Meine 2.451 Kilometer lange Rundfahrt durch alle Bundesländer begann und endete unweit von Ur-Berlin. Bei der Durchfahrt auf der ersten Etappe notierte ich mir die Öffnungszeiten des „Berliner Ecks“ – einen Currywurst-Imbiss! Nach Abschluss der letzten Etappe zog es mich noch einmal ins holsteinische Berlin. Ich bestellte Currywurst. Auch wenn mir das Fleisch zu derb und die Soße zu abgestanden und fad schmeckte: Wegen der herrlich wortkargen Mitkundschaft, des klischeehaft misslaunigen Service am Tresen und der kuriosen Adresse „Unter den Linden 1“ habe ich die Einkehr trotzdem genossen, im ältesten Berlin der Welt.

Nahaufnahme einer Portion Currywurst.
Die Plastikschale lässt sich wiederverwenden – der Inhalt gottlob nicht.
Das Fahhrad lehnt neben dem offenen Eingang des „Berliner Ecks“.
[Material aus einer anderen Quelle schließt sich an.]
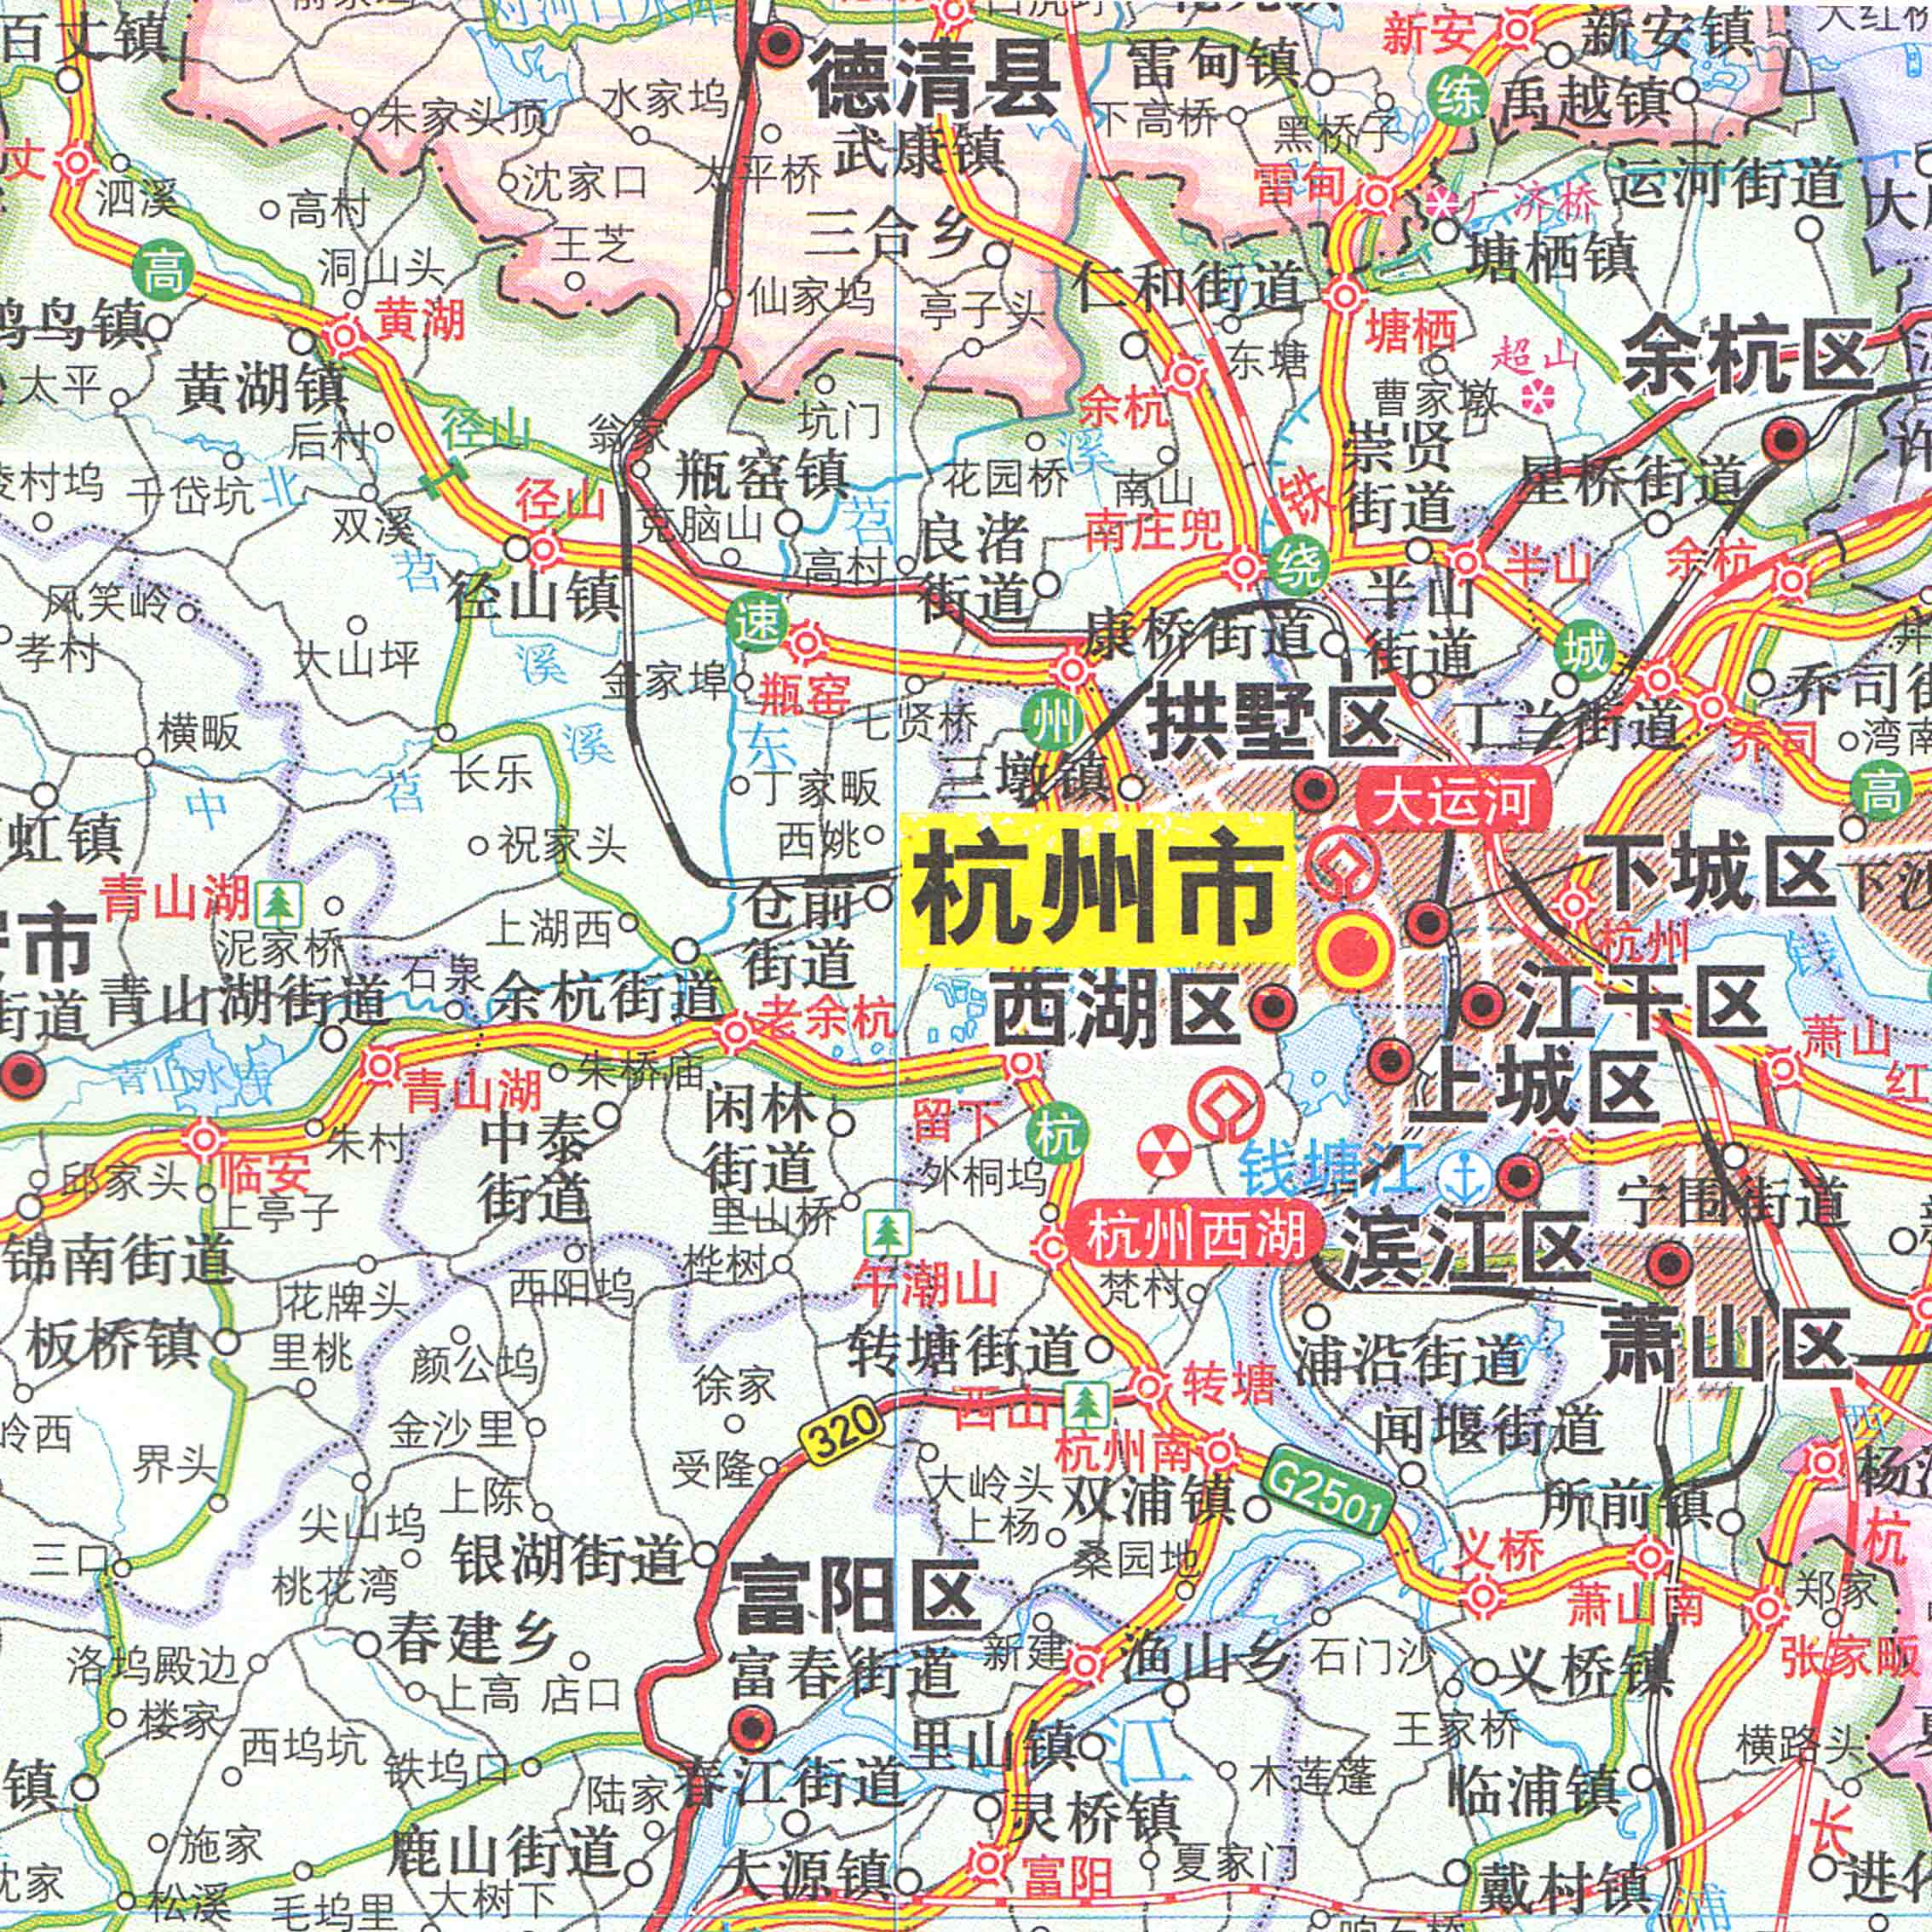 浙江省地图 2017新版浙江地图贴图 纸质盒装地图 杭州

Nach 2.451 Kilometern endlich geöffnet: Imbiss, in dem original Holstein-Berliner Currywürste verkauft werden.
Straßenschild „Kurfürstendamm“ vor einem Dorfhaus und Sandweg in Berlin/Schleswig-Holstein.
Das Straßenschild stammt aus „Hauptstadt-Berlin“, steht aber in „Holstein-Berlin“, das nur rund 500 Einwohner hat.